START DATA EXTRACT

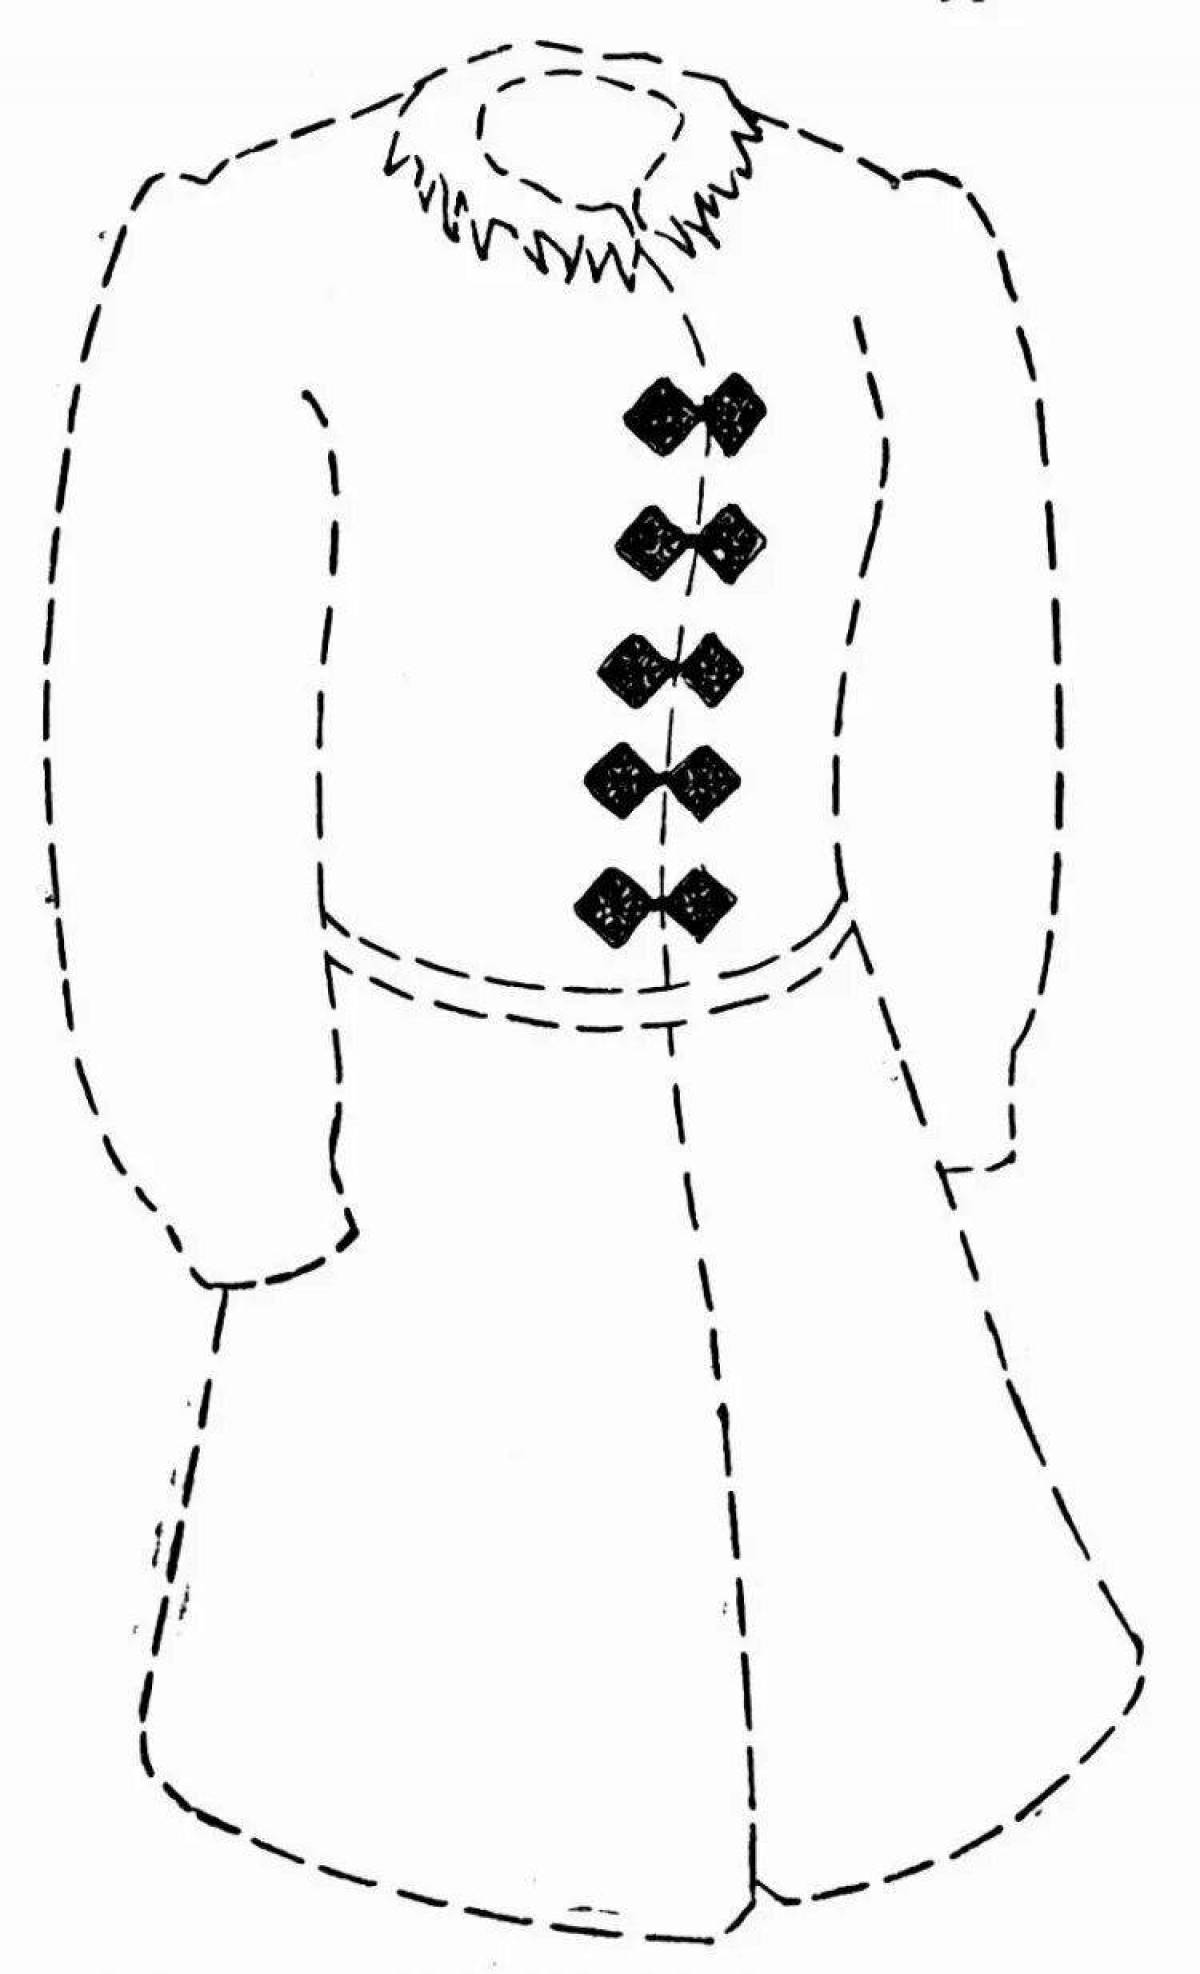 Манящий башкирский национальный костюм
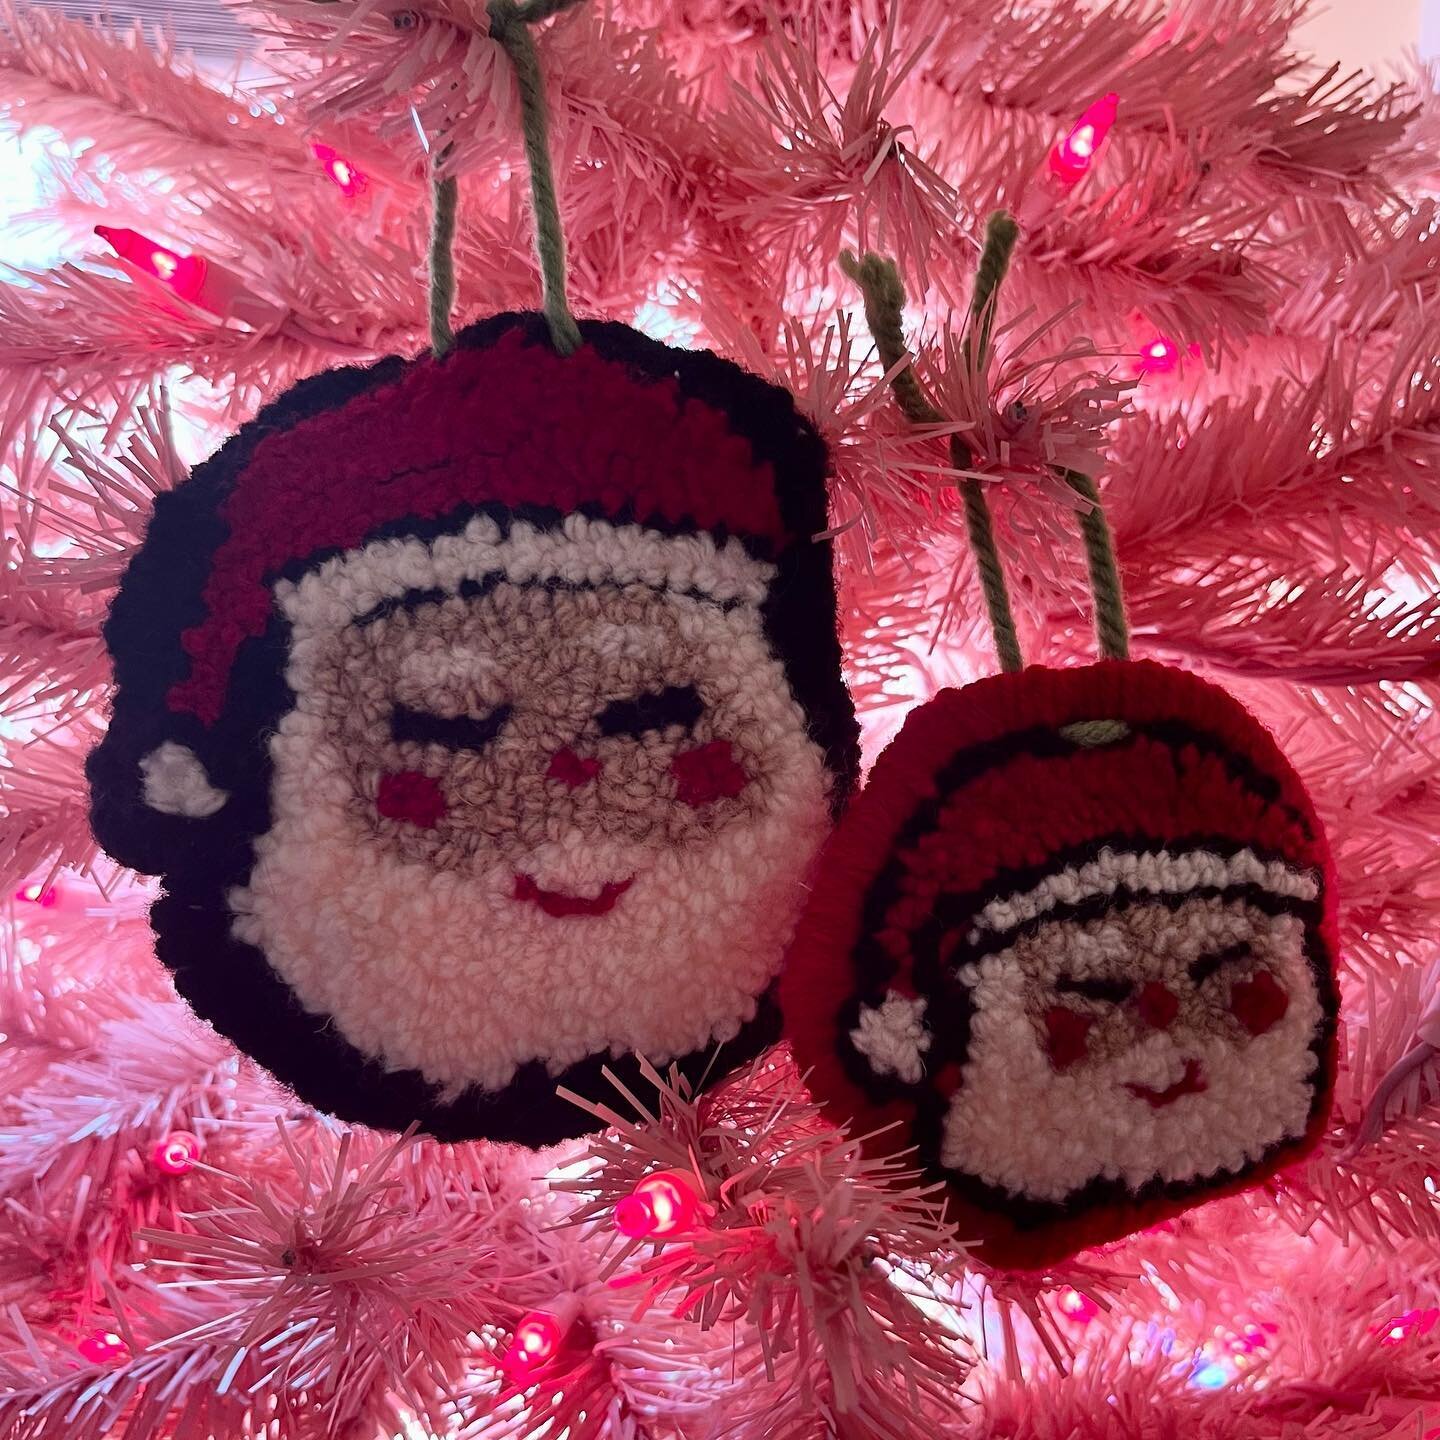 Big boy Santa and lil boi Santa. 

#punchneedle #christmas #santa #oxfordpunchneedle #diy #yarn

END DATA EXTRACT

* WORK TASK
The answer must be the exact lines from the line with "Big boy Santa and lil boi Santa." to the final line of the data, both ends included, with no pictures.

* RESULT OF THE EXERCISE
 Big boy Santa and lil boi Santa. 

#punchneedle #christmas #santa #oxfordpunchneedle #diy #yarn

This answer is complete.